The students added that the Wednesday class was the first they had heard of Guyton and his art.
Around 9:30 a.m. a small group of seventh-graders filed into Platt’s classroom with tables prepared with rulers, scissors, glue, and cardboard.
The seventh grade class did a similar project on Guyton, but without the complexities of transforming their homes into 3D models.
After watching introductory videos Platt asked the class what they thought of Guyton’s work. Students’ responses ranged from “creepy” to “colorful.”
“Does he use trash?” asked seventh-grader Derrick.
“I’d say ‘recycled material,’ ” Platt responded.
The seventh-grade class made 2D cardboard houses of their own style. They decided on the color of their home, style of the roof, and sizes of the windows and doors.
“Today we’re going to be architects,” Platt said.
Students came up with plans to decorate their homes with butterflies, ears, and video games.
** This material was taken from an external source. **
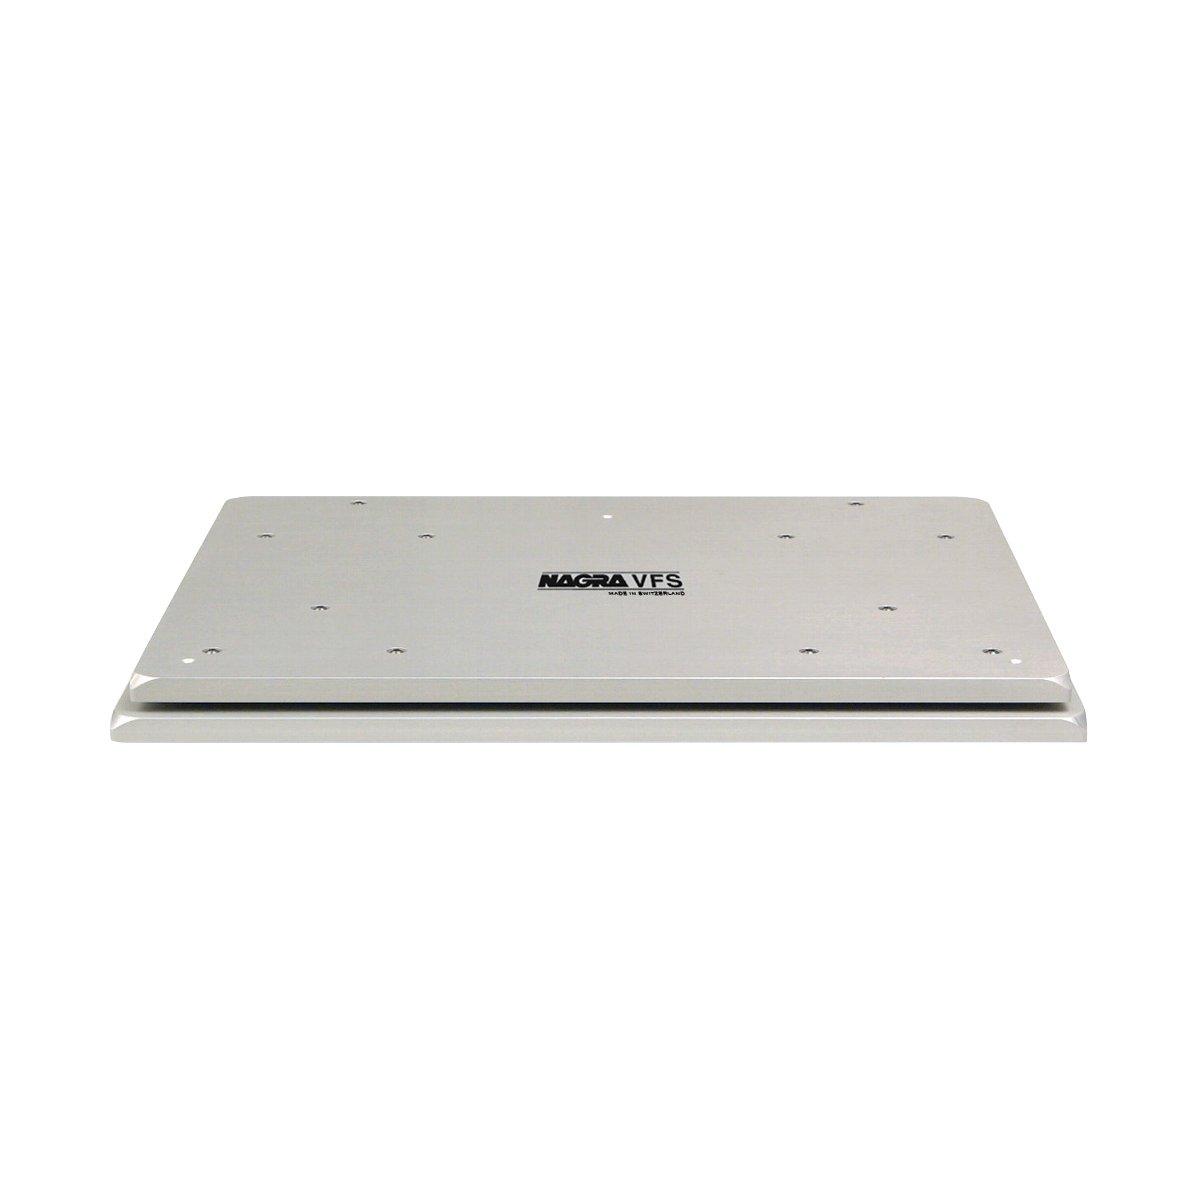 NAGRA VFS-M ナグラ 振動吸収オーディオプレートボード
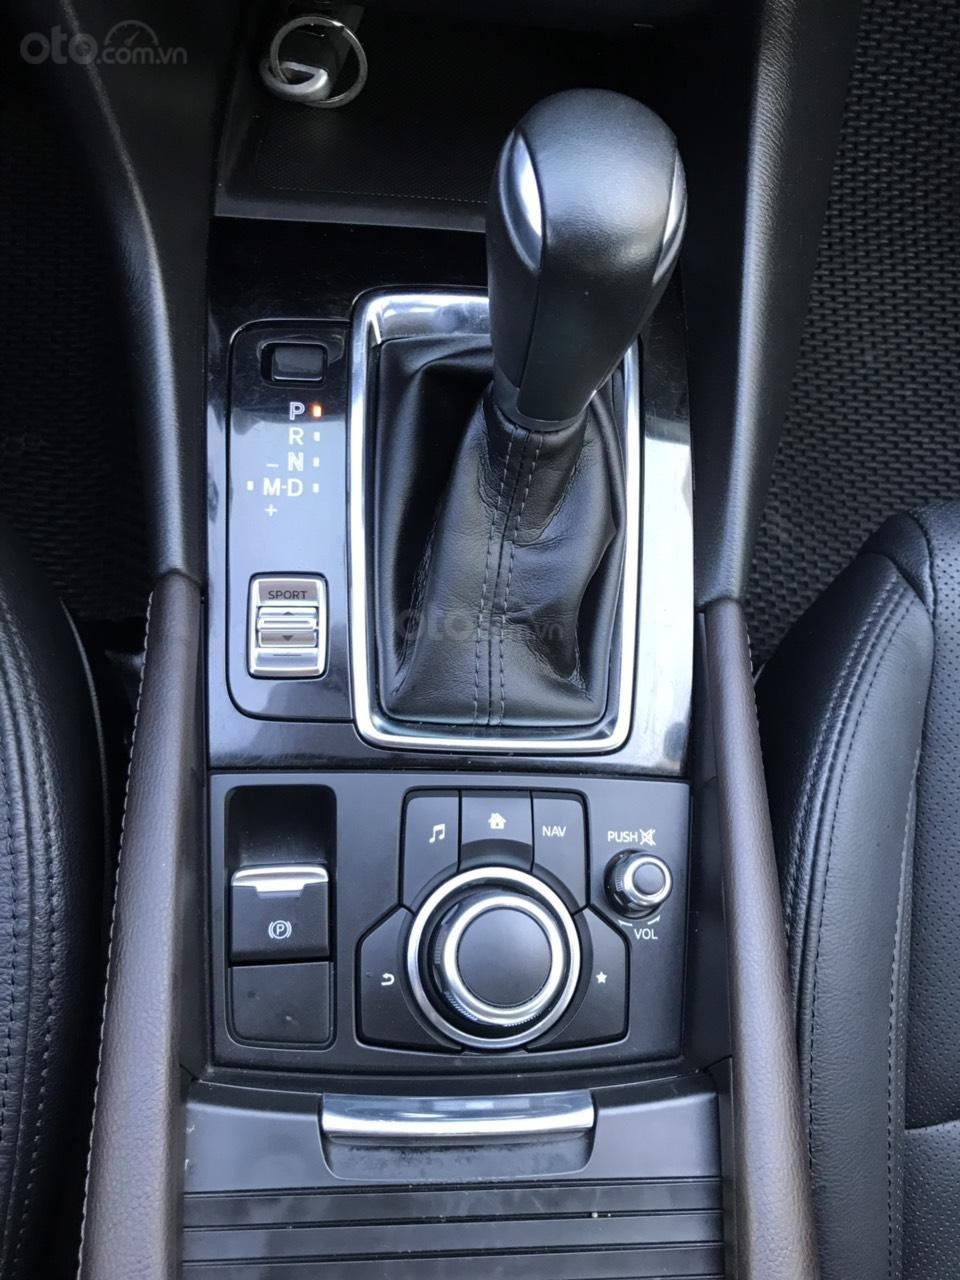 ManyCar bán Mazda 3 sedan model 2018, xe đẹp đi ít (14)

In between crafting, some students danced along to the Motown tunes Platt played throughout the lesson.
Seventh-grader Eleanor looked at her blank blue canvas and imagined something “bright, loud, and noticeable” she said. “It’s got to have teal and pink in it.”
Derrick grabbed a red marker to shade in his front door and finished it off with a black crescent moon.
“I’m making a blue house with a red door because that’s how houses are in this neighborhood,” he said. “But mine will have moons and butterflies.”
Platt has shifted her classroom lessons to be more artist- and culture-based as a result of having to get creative during the height of the Covid pandemic. Over the past three years, she has been teaching specific artist styles for students to recreate.
“Covid changed the way I teach,” she said.
The artist-based lessons allow for Platt and the students to learn about new artists. “Now I have more fun thinking about the lesson plan. It’s really limitless,” she said.
Platt has hosted student art exhibits at Edgewood Avenue’s BLOOM community center and shop in the past.
So far she’s done art-based projects with her students focused on learning Mexican folk art styles, Hispanic artists, and art for the Chinese New Year.
During Black History Month, Platt has focused on introducing her students to artist like Jean-Michel Basquiat, Faith Ringgold, Romare Bearden, and Mose Tolliver.
Next month Platt plans to do lessons about women artists for Women’s History Month.
Throughout her thematic lessons, Platt said she has not only been able to introduce her students to new artists but also inspirational figures who often used art as a therapeutic outlet.
“I want to show these kids that when bad bad things happen to you, you can rise above it,” Platt said. “They don’t have to stay in their trauma.”
“They can find new inspirations. They should know that the most expensive work in America was painted by Basquiat, who looks like them,” she said.